Reputacja: 1 Buka ma wspaniałą reputacjęBuka ma wspaniałą reputacjęBuka ma wspaniałą reputacjęBuka ma wspaniałą reputacjęBuka ma wspaniałą reputacjęBuka ma wspaniałą reputacjęBuka ma wspaniałą reputacjęBuka ma wspaniałą reputacjęBuka ma wspaniałą reputacjęBuka ma wspaniałą reputacjęBuka ma wspaniałą reputację
Plan opuszczenia kolonii Chulonów składał się z wielu etapów, i był dosyć skomplikowany. Gdyby zawiódł tylko 1 z owych trybików, całość sypnęłaby się dosyć mocno, a wszystko uległo sporym zawirowaniom. A jak to w życiu załogi Fenixa bywało, nigdy chyba nie mieli lekko… ale po kolei.

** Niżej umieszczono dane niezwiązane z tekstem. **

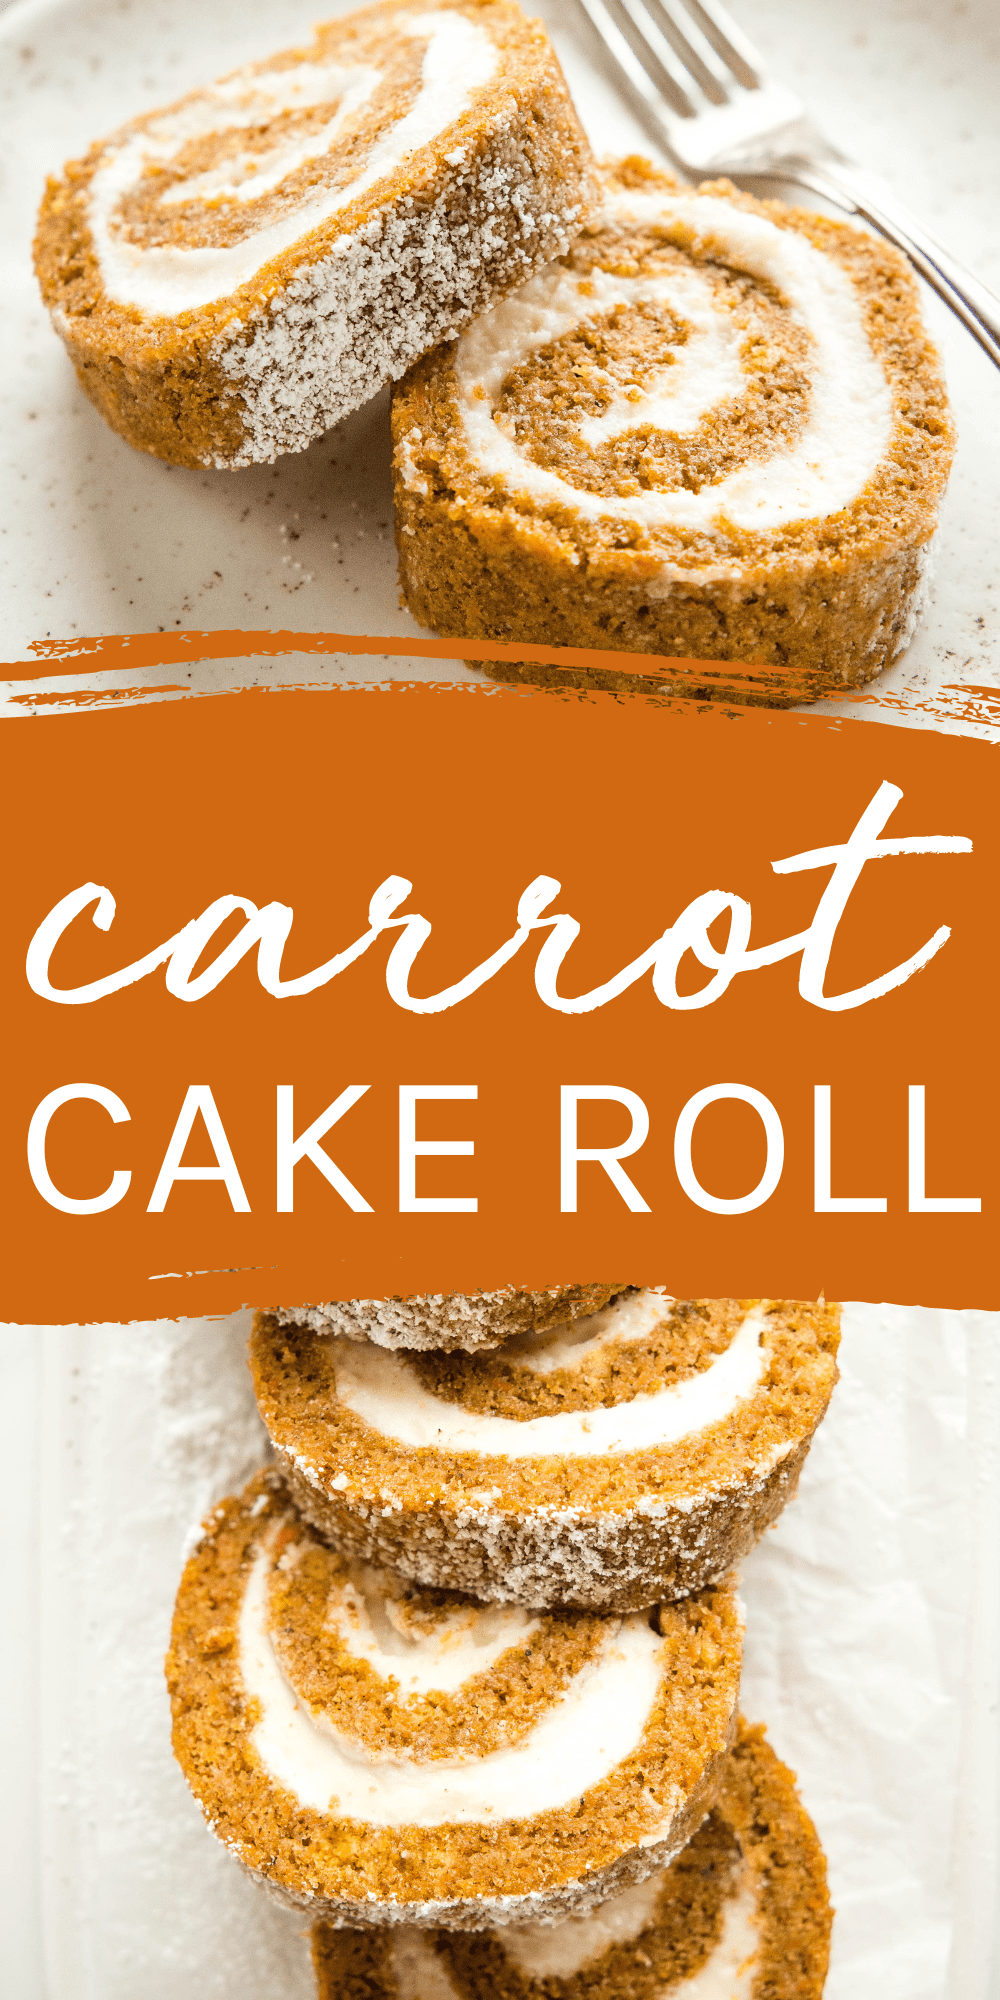 This Carrot Cake Roll recipe is the perfect spring dessert - a moist and tender carrot sponge cake with cinnamon and spice, filled with a soft and fluffy cream cheese frosting. Recipe from thebusybaker.ca! #carrotcakeroll #howtomakecarrotcake #carrotcakerollrecipe #carrotcakerecipe #rollcake #swissroll #easter #easterdessert #springdessert #creamcheesefrosting via @busybakerblog

Głównym konikiem całego planu był Jimmi, i to on miał najwięcej na głowie. Jednak spisywał się wręcz perfekcyjnie w swej roli wielkiego sabotażysty. Sfałszowanie zamówienia potrzebnych gratów na statek, przesunięcie czasu realizacji owego zadania, stworzenie i wpuszczenie w system kolonii wirusa, wreszcie zlecenie “wymiany” czujnika w hangarze zajmowanym przez Fenixa. A w międzyczasie jeszcze pozbieranie swoich gratów i dotarcie do owego hagaru…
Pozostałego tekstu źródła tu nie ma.